Possiamo anche non comprendere nel dettaglio quello che effettivamente succede, ma questa scoperta conferma ulteriormente che l’esperienza dell’ambiente che ci circonda è un fenomeno complesso, che lo spazio dialoga con il nostro corpo ma anche con il nostro stato d’animo.
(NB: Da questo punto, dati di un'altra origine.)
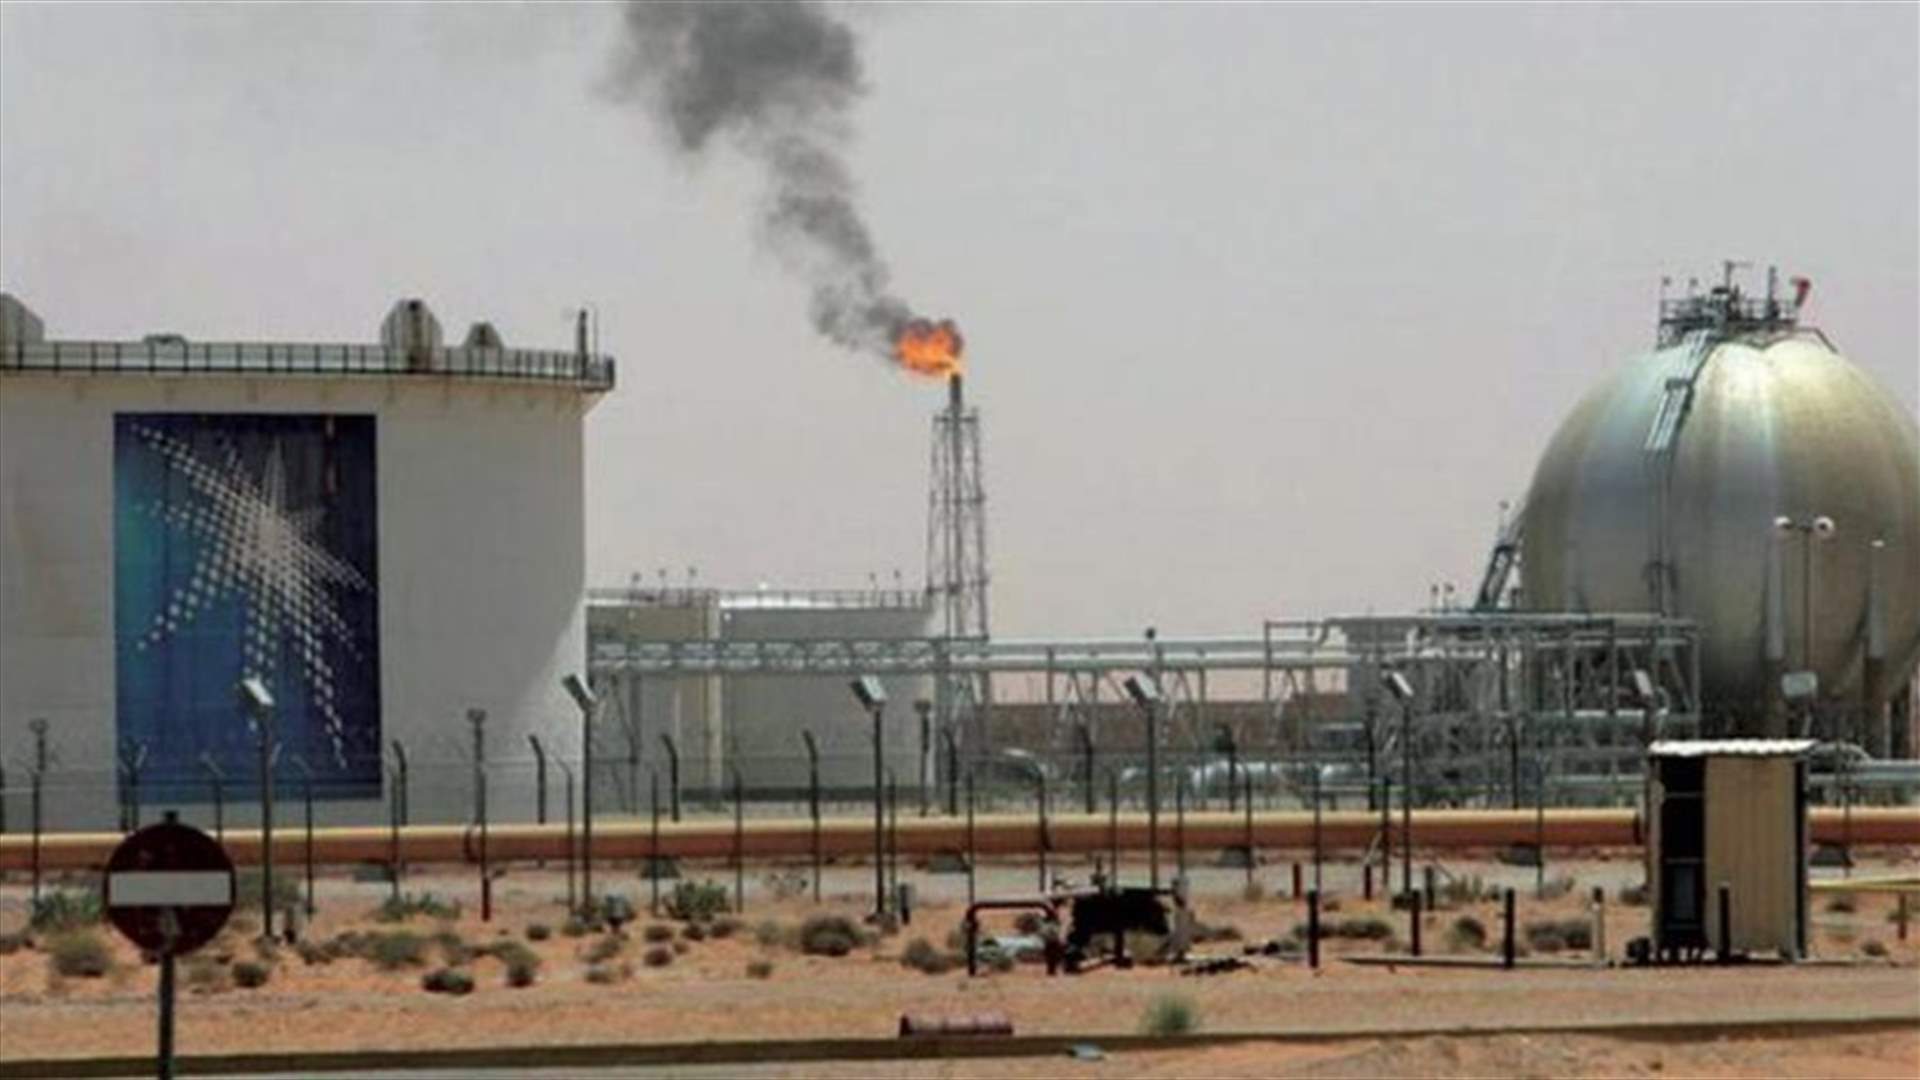 Saudi Arabia&#39;s oil supply disrupted after drone attacks - sources

Siamo soliti associare il rosso alla rabbia e agli stati di eccitamento, mentre  il blu viene considerato adatto a creare atmosfere rilassanti, ma questa semplificazione risulta riduttiva e a tratti poco convincente. Uno studio di Mariana Figueiro, ex Direttrice del centro LRC (Lighting Research Center) ed ora ricercatrice a Mount Sinai NY, dimostra che l'esposizione alla luce rossa di sera può promuovere la vigilanza e migliorare le prestazioni senza influire negativamente sulla secrezione di melatonina. Inoltre la luce rossa può essere utilizzata per aumentare la vigilanza nel pomeriggio, vicino alle ore di sonnolenza dopo pranzo, dal momento che sembra essere uno stimolo di allerta più forte nel pomeriggio rispetto alla luce blu. In questo caso sono i coni a lunga lunghezza d'onda a mediare gli effetti di allerta della luce rossa durante il giorno. Ma sappiamo bene che esistono anche gli effetti di allerta della luce cosiddetta blu, cioè con predominanza delle onde corte, che, grazie alla sensibilità del terzo recettore, sopprimono la melatonina in vari momenti della giornata e ci rendono più reattivi mentalmente soprattutto al mattino.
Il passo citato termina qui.